If a law enforcement officer has reasonable cause to believe that a person whom the officer is authorized to arrest is present on any private premises, the officer may upon identifying the officer as such, demand that the officer be admitted to such premises for the purpose of making the arrest. If such demand is not promptly complied with, the officer may thereupon enter such premises to make the arrest, using such force as is reasonably necessary.

(Emphasis added.)

. Additionally, even though specific reference to "damage to property” is found in the takings clauses of the California, see Cal. Const, art. I, § 19, Georgia, see Ga. Const, art. I, § 3, para. 1, and Oklahoma Constitutions, see Okla. Const, art. II, § 24, courts in those states have concluded that damage to private property caused by law enforcement officers while performing their official duties does not constitute a taking of private property. See Customer Co., 41 Cal.Rptr.2d 658, 895 P.2d at 913; McCoy, 148 S.E.2d at 905; Sullivant, 940 P.2d at 226.

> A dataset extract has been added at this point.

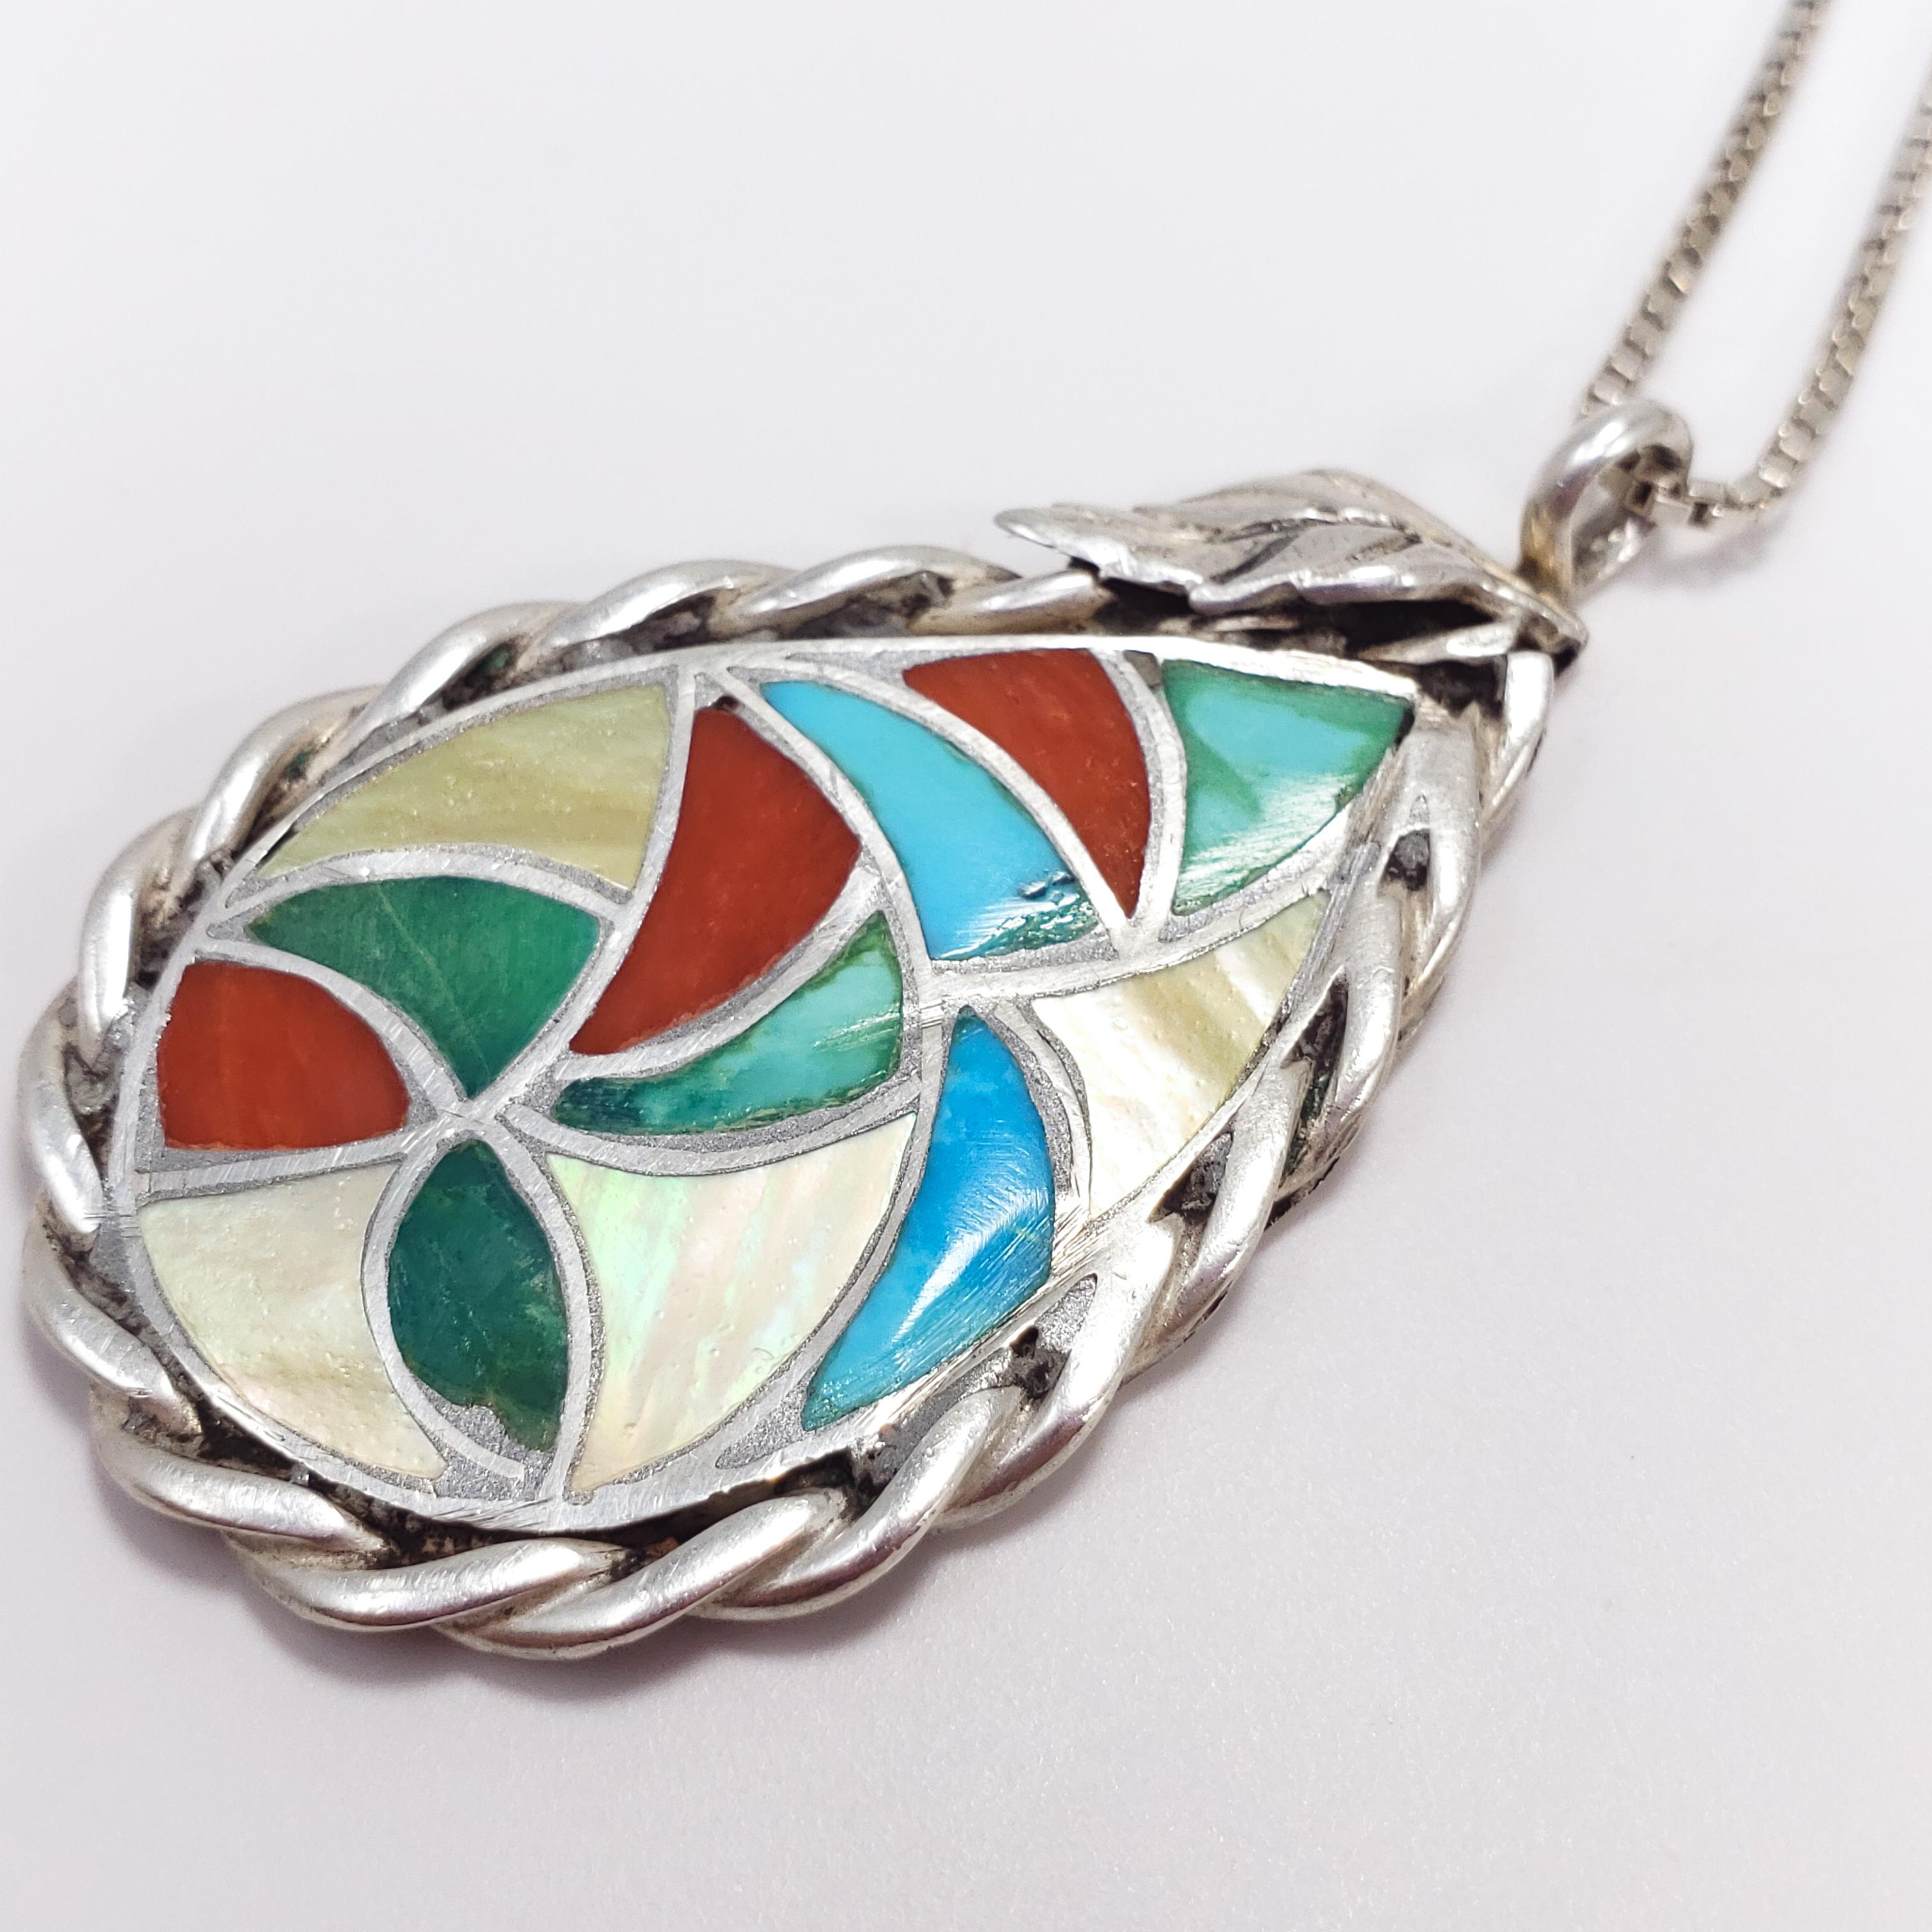 Women's or Men's Zuni Native American Pendant Necklace Coral & Turquoise Inlay in Sterling Silver

Cases from some jurisdictions have reached a contrary result. See Wegner v. Milwaukee Mut. Ins. Co., 479 N.W.2d 38, 41-42 (Minn.1991) (holding that damage caused to property by police in the course of apprehending a suspect is damage within the language of Minnesota Constitution for which compensation must be paid); Steele v. City of Houston, 603 S.W.2d 786, 791 (Tex.1980) (holding that plaintiffs stated a claim for compensation under Texas Constitution for damage caused by police officers to property while trying to capture escaped prisoners who took refuge in plaintiff's home); Wallace v. City of Atlantic City, 257 N.J.Super. 404, 608 A.2d 480, 483 (Law Div.1992) (holding that landlord whose property was destroyed during the execution of a search warrant was entitled to compensation under New Jersey Constitution). The Wegner and Steele cases can be distinguished from the present case, however, based on the fact that the Minnesota and Texas Constitutions contain language different from our Iowa Constitution.- See Wegner, 479 N.W.2d at 40 (Article I, section 13 of Minnesota Constitution states "[p]rivate property shall not be taken, destroyed or damaged for public use without just compensation first paid or secured.”); Steele, 603 S.W.2d at 791 (Article I, section 17 of the Texas Constitution states ”[n]o person’s property shall be taken, damaged or destroyed ... without adequate compensation being made,....").